Sozialpolitischer Kommentar

Mehr Geld, aber kein Personal

Cornelia Kolbeck, Freie Journalistin für Medizin und Gesundheitspolitik

Nach den im Gesetz zur Stärkung des Pflegepersonals beschlossenen Verbesserungen für Pflegekräfte sollen nun auch Berufe aus dem Bereich der Versorgung mit Heilmitteln Verbesserungen erfahren. Der Druck aus der Basis hat Bundesgesundheitsminister Jens Spahn zu diesem Schritt veranlasst. Die Reformmaßnahmen sind das Ergebnis von Protesten u.a. der Physiotherapeuten sowie von Gesprächen mit Verbänden und Praktikern. Auch über die jetzt vorgestellten Maßnahmen will Spahn noch reden. Sie sollen aber noch als Änderungsanträge in das geplante Terminservice- und Versorgungsgesetz eingebracht werden und somit im April 2019 in Kraft treten.

Auf den ersten Blick dürften sich Physiotherapeuten, Ergotherapeuten, Logopäden und andere Heilberufler freuen, denn es gibt mehr Geld. Das soll u.a. durch den Wegfall der Preisbindung an die Entwicklung der Grundlohnsumme, die Berücksichtigung notwendiger Vor- und Nachbereitung der Behandlungseinheiten sowie der Dokumentation gesichert werden. Geplant ist auch, dass zukünftig der Spitzenverband Bund der Krankenkassen und die für die Interessen der Heilmittelerbringer maßgeblichen Spitzenverbände über Verträge für Heilmittelleistungen verhandeln. Mit zähen Diskussionen auf Landesebene ist damit Schluss.
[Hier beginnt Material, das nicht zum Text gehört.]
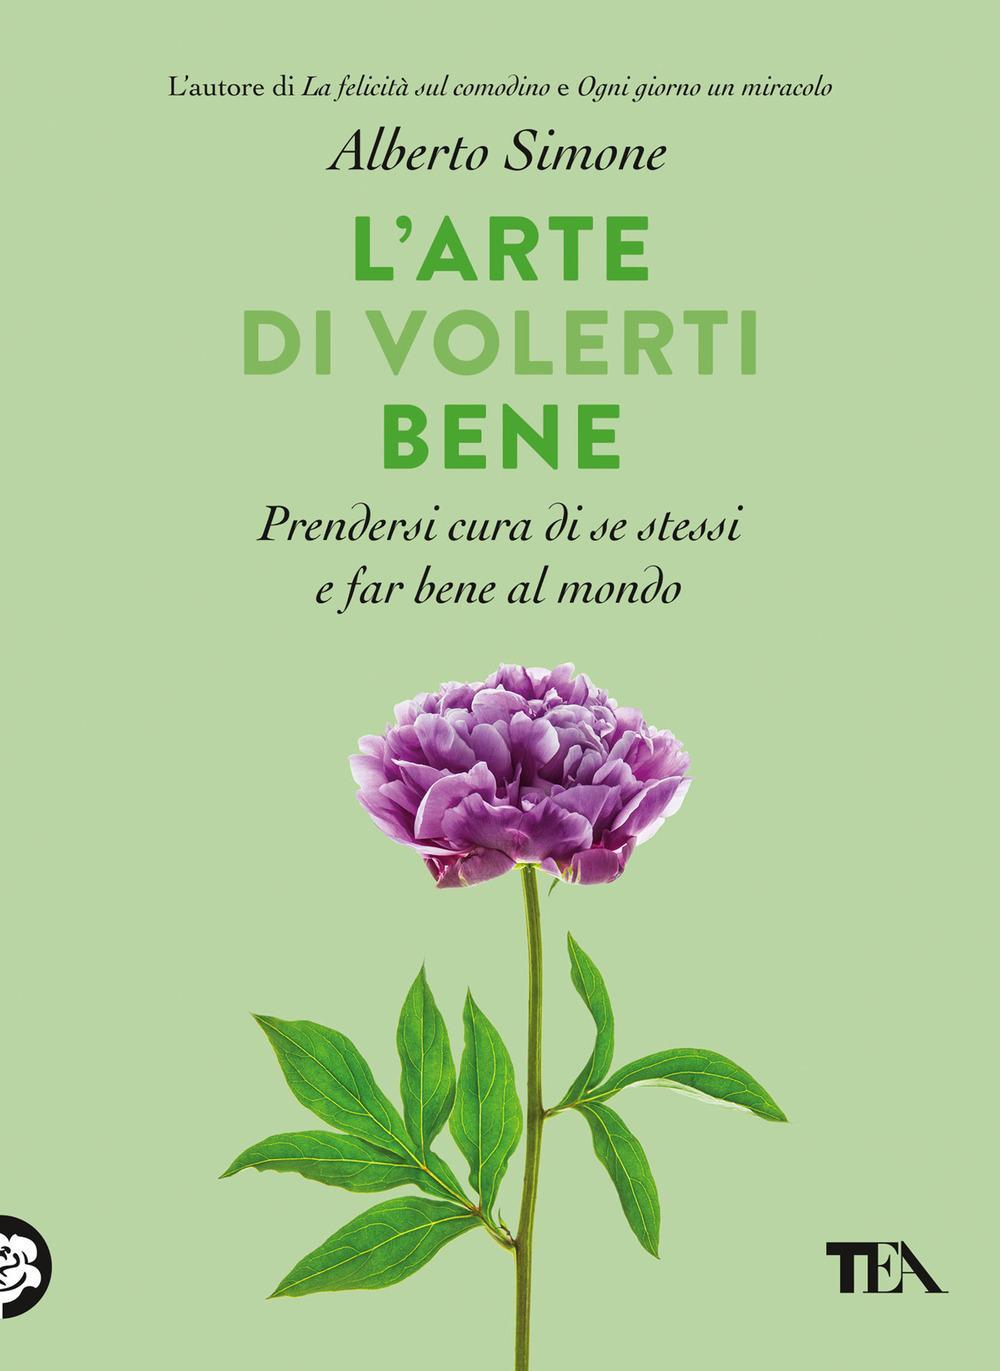 L'ARTE DI VOLERTI BENE A. Simone

Spahn nimmt auch die Blankoverordnung in den Fokus. Bis Ende März 2020 sollen zwischen den Vertragspartnern und im Einvernehmen mit der Kassenärztlichen Bundesvereinigung die entsprechenden Indikationen vereinbart werden, für die dann nach Blankoverordnung durch den Arzt z.B. der Physiotherapeut die Auswahl der konkreten Heilmittelleistung trifft.

Die angedachten Verbesserungen sollen aus dem Finanztopf der Krankenkassen finanziert werden. Der Versicherte zahlt nichts drauf. Alles in allem scheint der Minister ein gutes Paket geschnürt zu haben. Allerdings könnte es hier, wie auch in der Pflege, an qualifiziertem Personal fehlen. Somit wird sich erst auf Dauer zeigen wird, wie die Reform wirkt und ob sich dadurch auch Unterversorgung ausgleichen lässt. Gute Bedingungen müssen erst wieder Interessenten anlocken.